Large clinical trials of n-3 fatty acids have reported a reduction in cardiovascular events and mortality as well as improvement in left ventricular structure and function in heart failure populations [36,37,38]. Many smaller trials have focused on the effects of n-3 fatty acids on inflammatory markers. A meta-analysis of 68 RCTs reported significant decreases in CRP, TNF-α and IL-6 in response to a variety of n-3 fatty acid preparations and doses [39]. In meta-regression analysis, each g/day higher dose of EPA was associated with a 17.7% reduction in geometric mean of CRP. However, only seven of the included studies focused on a diabetes population, and these reported inconsistent effects of n-3 fatty acids on inflammatory markers. We found that 5 year hsCRP concentrations were lower in the group receiving n-3 fatty acid compared with placebo, though this association was not significant when accounting for multiple testing.

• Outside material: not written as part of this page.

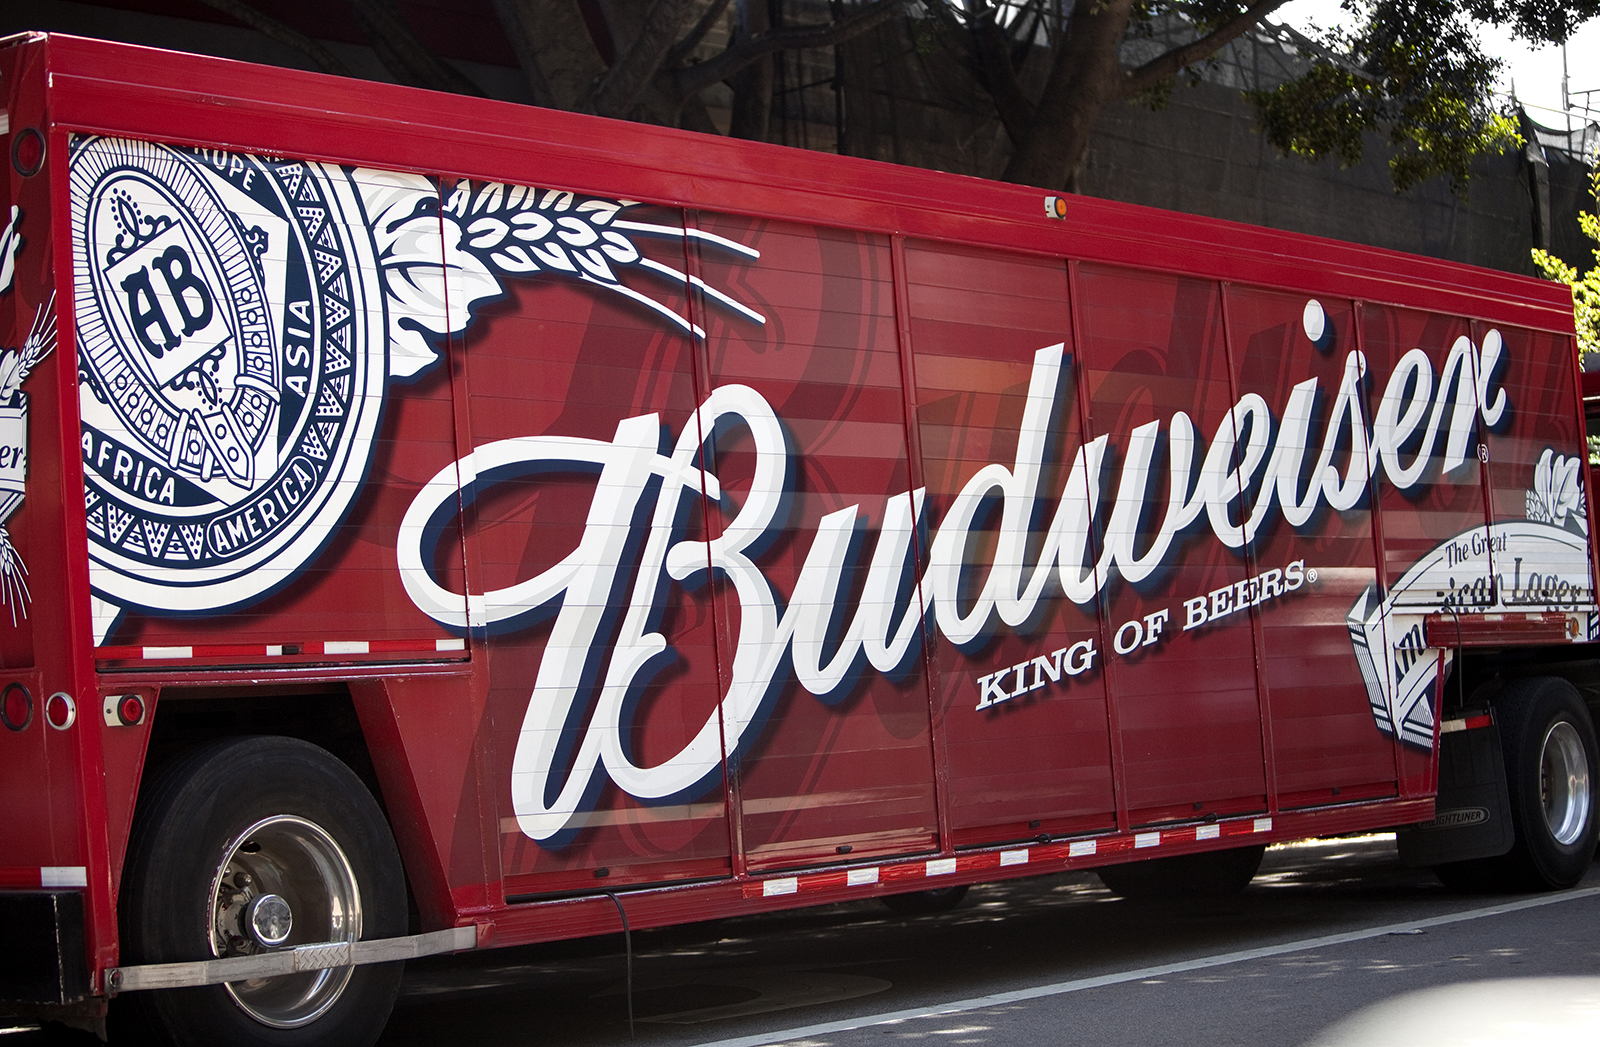 Budweiser truck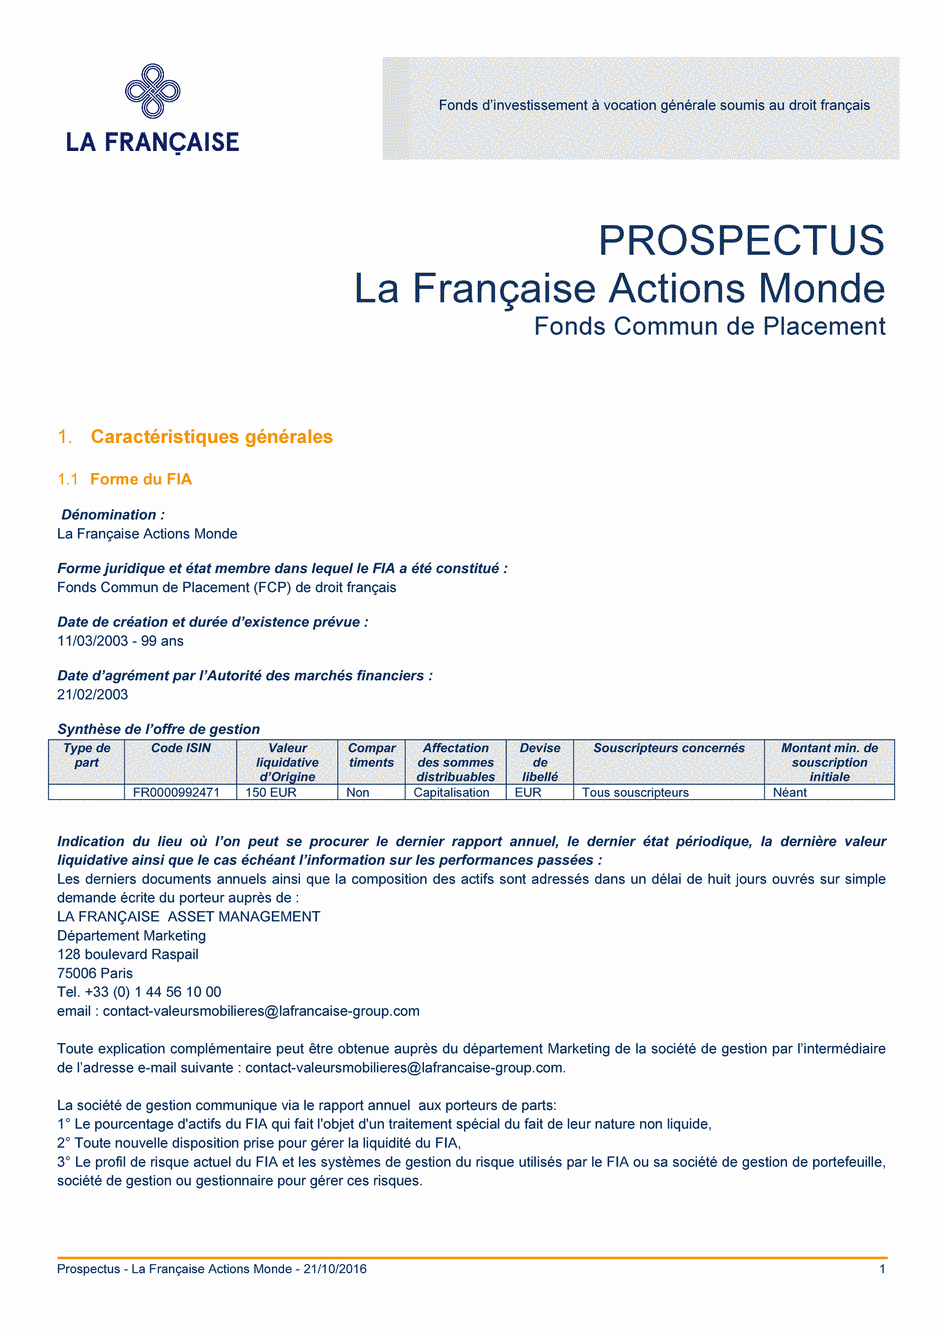 Prospectus LA FRANCAISE ACTIONS MONDE (C) - 21/10/2016 - Français

Notably, the dose of n-3 fatty acids used in our study is small compared with the majority of those in the meta-analysis, with most included studies using >1 g of total EPA+DHA. In addition, a newer formulation of purified n-3 acids was recently found to be superior vs placebo in reducing cardiovascular events [40]. Higher doses and/or higher proportions of EPA within n-3 fatty acid formulations may have more success in reducing inflammatory markers and NT-proBNP compared with that studied in VITAL.

Strengths of our study include its randomised placebo-controlled design, large sample size, long follow-up period and strong participant adherence. Our study also has several limitations. Only a limited number of inflammatory and cardiac markers were selected for study. It is possible that our interventions had effects on immune activity and cardiac function that were not reflected in these selected serum biomarkers. Also, biomarker concentrations could have been affected by unaccounted participant-specific events such as changes in dietary practices or acute illness, though these are unlikely to have differed by treatment assignment. Additionally, our study included relatively few participants with baseline serum 25(OH)D concentrations <30 nmol/l, among whom vitamin D supplementation may plausibly have a larger effect [41, 42], though we did not observe heterogeneity in treatment effect by baseline 25(OH)D concentration.

In conclusion, supplementation with 2000 IU daily of vitamin D3 or 1 g daily of n-3 fatty acids in adults with type 2 diabetes did not reduce concentrations of inflammatory biomarkers or NT-proBNP. Contrary to our expectations, we observed a significant increase in NT-proBNP with vitamin D3 compared with placebo. Our study contributes to a growing body of literature that suggests the observed benefits of vitamin D3 and n-3 fatty acids in laboratory studies may not directly translate to clinical benefit.